Andrew Halberstadt [:ahal]

Comment 8

•

10 years ago

3) Hm, the structured log should be getting uploaded in the event of a crash or timeout. I don't know why it's not happening in your example.. that's a bug. The only case where I'd expect it not to be there is if mozharness itself times out or there's some other infra related problem.

Kyle Lahnakoski [:ekyle]

Comment 9

•

10 years ago

Here is an example of missing structured log: https://bugzilla.mozilla.org/show_bug.cgi?id=1137757#c803 https://treeherder.mozilla.org/logviewer.html#?repo=mozilla-inbound&job_id=10115657

Chris Manchester (limited bugmail, email directly)

Comment 10

•

10 years ago

(In reply to Kyle Lahnakoski [:ekyle] from comment #9) > Here is an example of missing structured log: > > https://bugzilla.mozilla.org/show_bug.cgi?id=1137757#c803 > https://treeherder.mozilla.org/logviewer.html#?repo=mozilla- > inbound&job_id=10115657 It looks like buildbot killed mozharness on timeout here. Mozharness does the blobber upload, so I don't think we have much hope in this case.

Kyle Lahnakoski [:ekyle]

Comment 11

•

10 years ago

Chris, Jonathan, ActiveData does get the pulse message, but something must be added the case when buildbot killed mozharness on timeout". I do not know how often "buildbot killed mozharness on timeout" happens, or what effort is required to get the structured logs uploaded. I do not the know the best course of action to deal with this. Should I scan the text logs to add some records to ActiveData to reflect this? In the meantime, we have a good understanding of the holes, and I can continue without this issue blocking.
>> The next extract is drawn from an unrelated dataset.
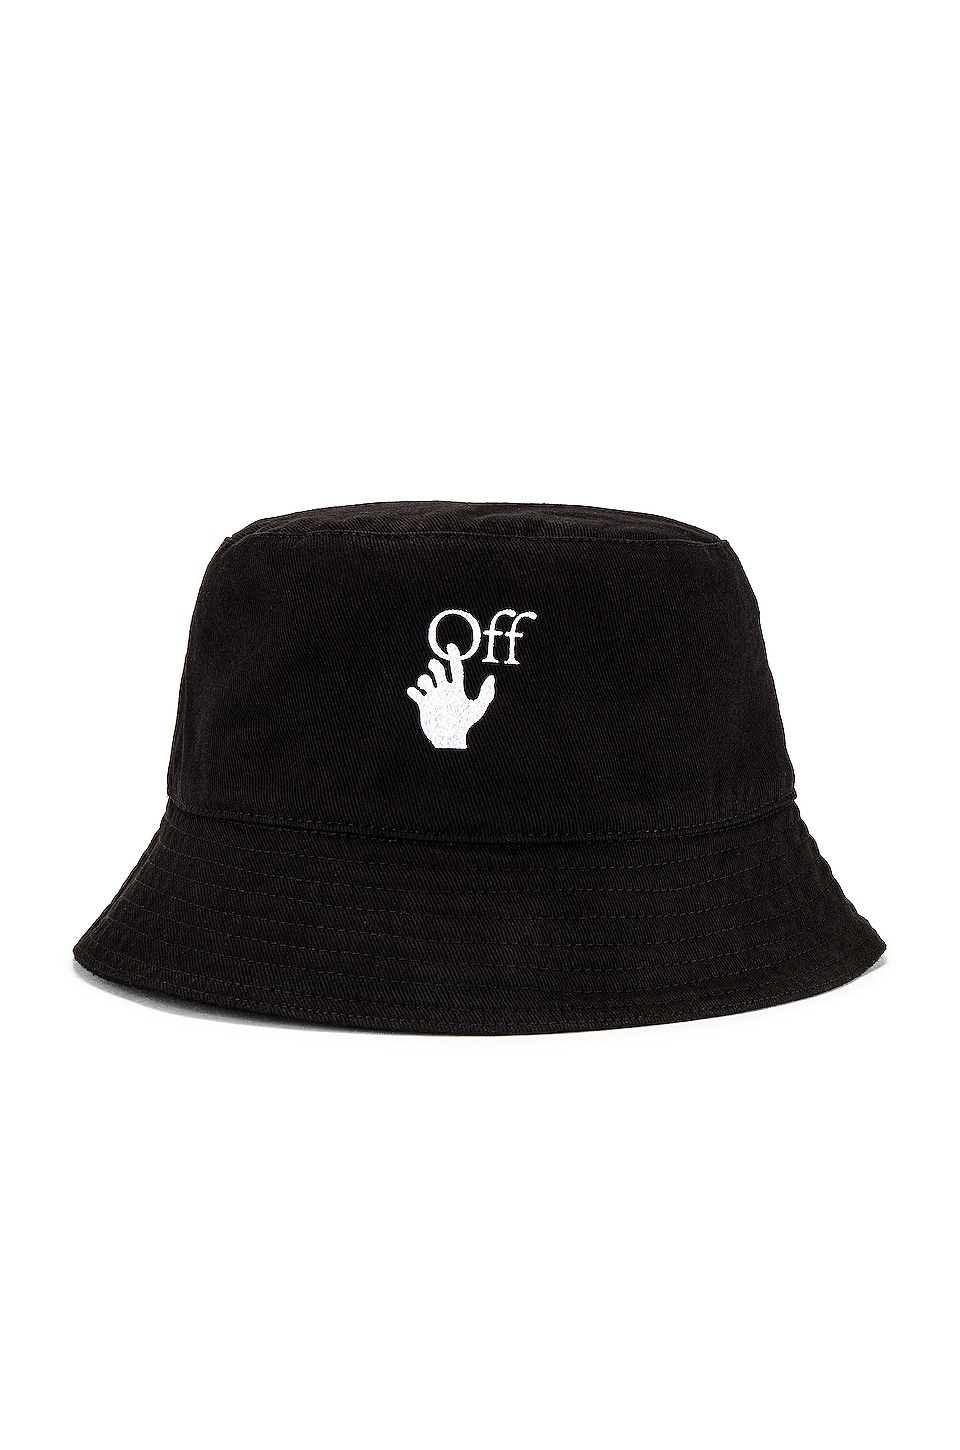 OFF-WHITE Hand Off Bucket Hat in Black | REVOLVE

Flags: needinfo?(jgriffin)

Flags: needinfo?(cmanchester)

Jonathan Griffin (:jgriffin)

Reporter

Comment 12

•

10 years ago

There's no way to get structured logs when "buildbot killed mozharness on timeout" happens, and that rarely or never happens for test-specific reasons. Parsing text logs would be the only way to find this, but IMO it may not be worth it. Let's discuss Monday.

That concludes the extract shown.